------ Source data ------
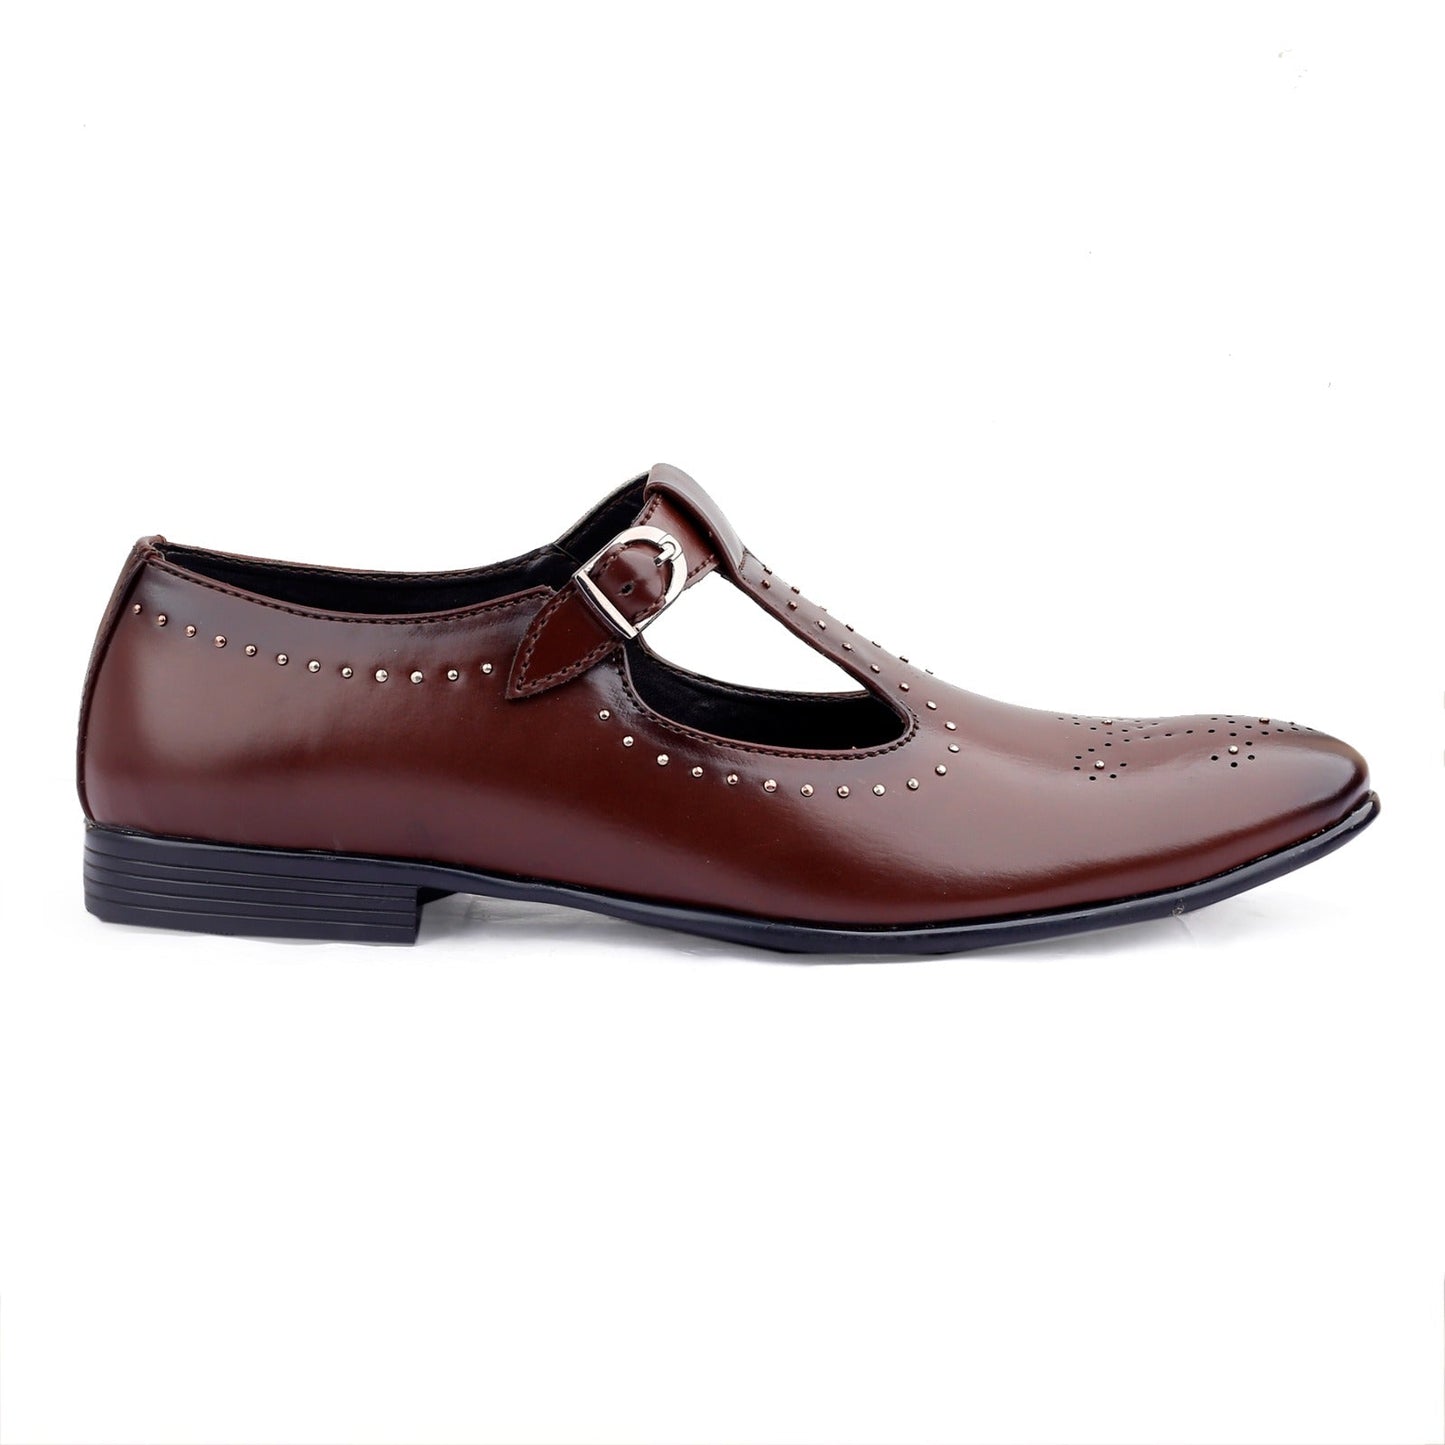 Buy Now Stylish Peshawari Shoes For Partywear And Casualwear - JackMarc
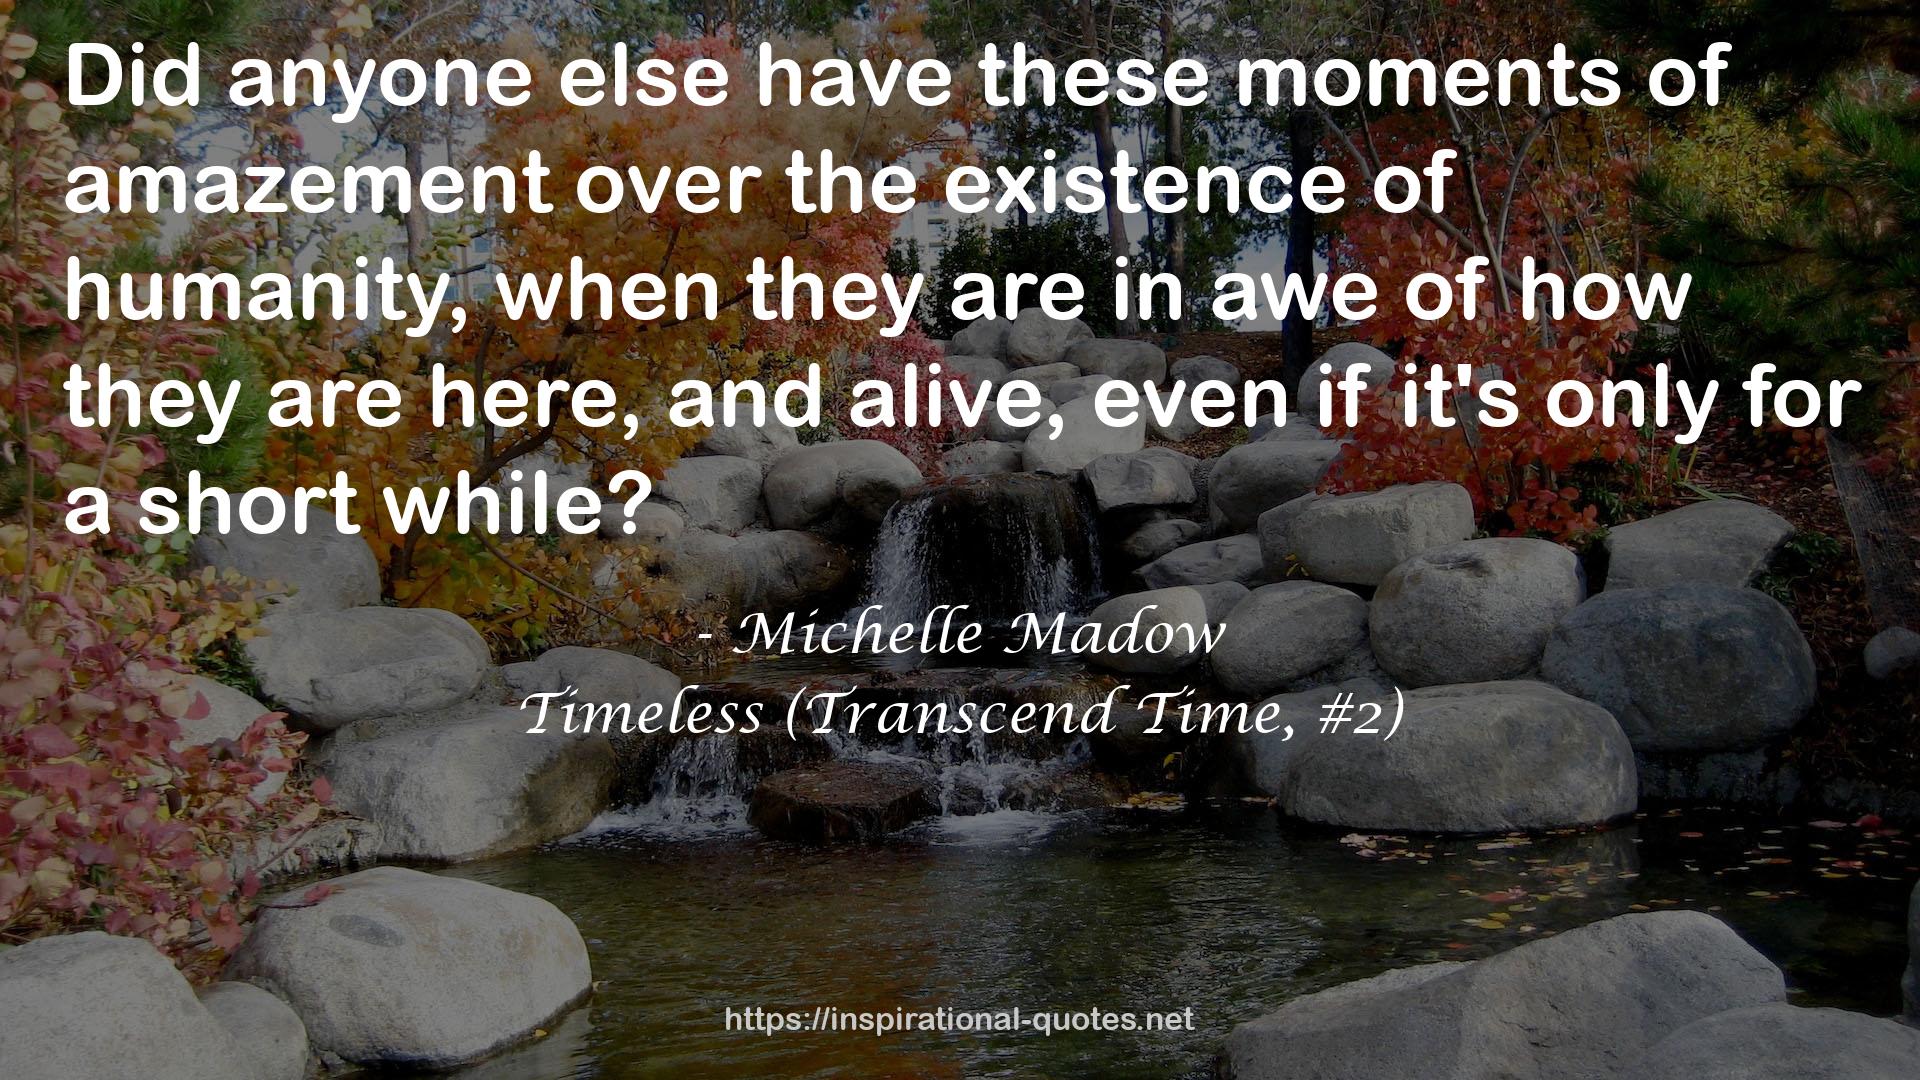 Timeless (Transcend Time, #2) QUOTES
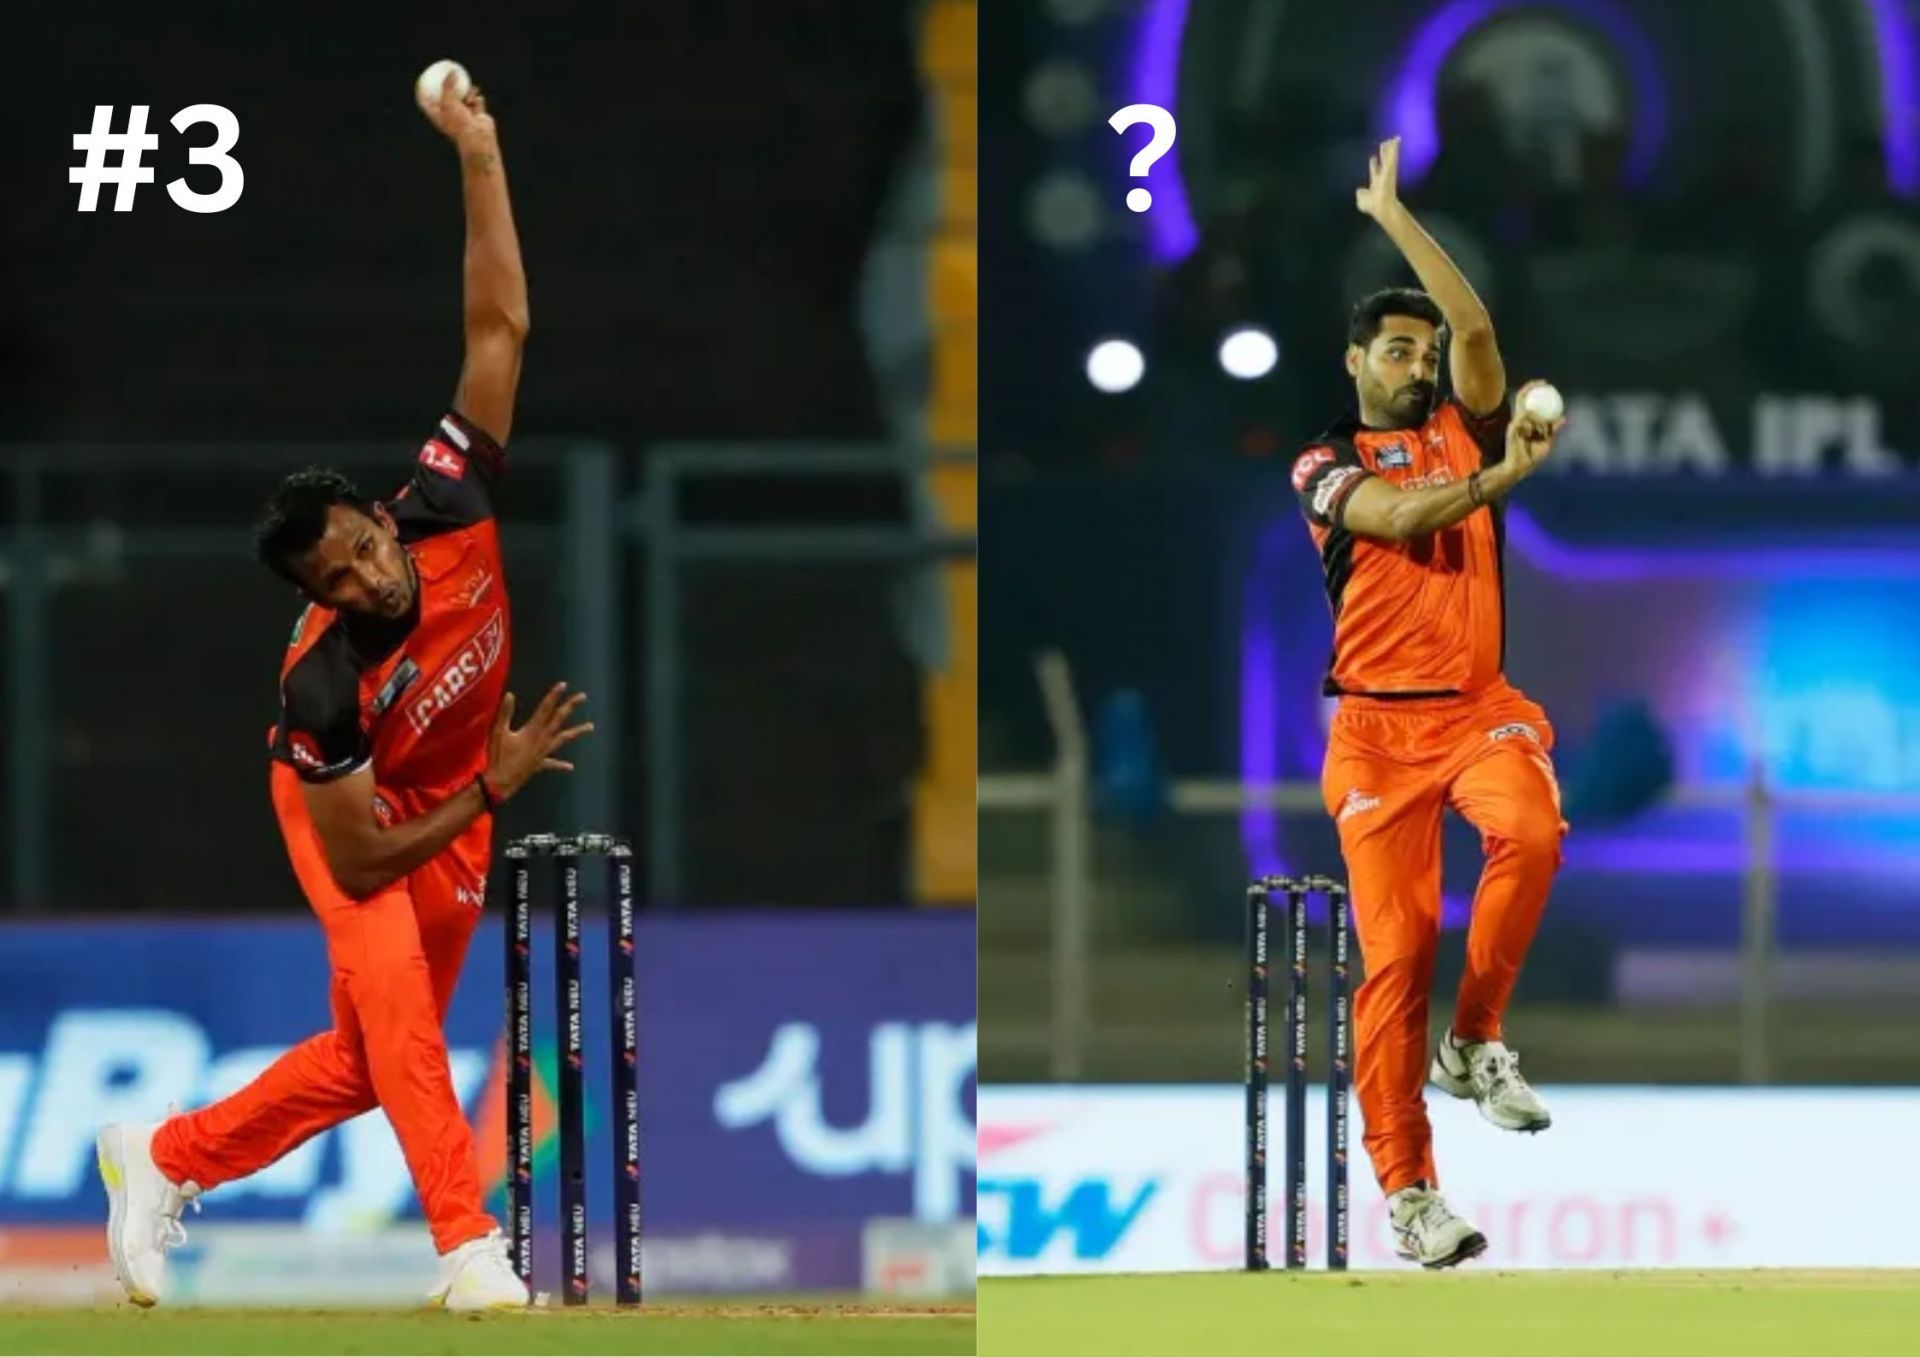 T Natarajan and Bhuvneshwar Kumar remain pivotal players in the SRH ranks even today (Picture Credits: IPL).
------
:: Work order ::
Write out the whole listing exactly. Pictures stay out.

:: Written solution ::
 Buy Now Stylish Peshawari Shoes For Partywear And Casualwear - JackMarc
 Timeless (Transcend Time, #2) QUOTES
 T Natarajan and Bhuvneshwar Kumar remain pivotal players in the SRH ranks even today (Picture Credits: IPL).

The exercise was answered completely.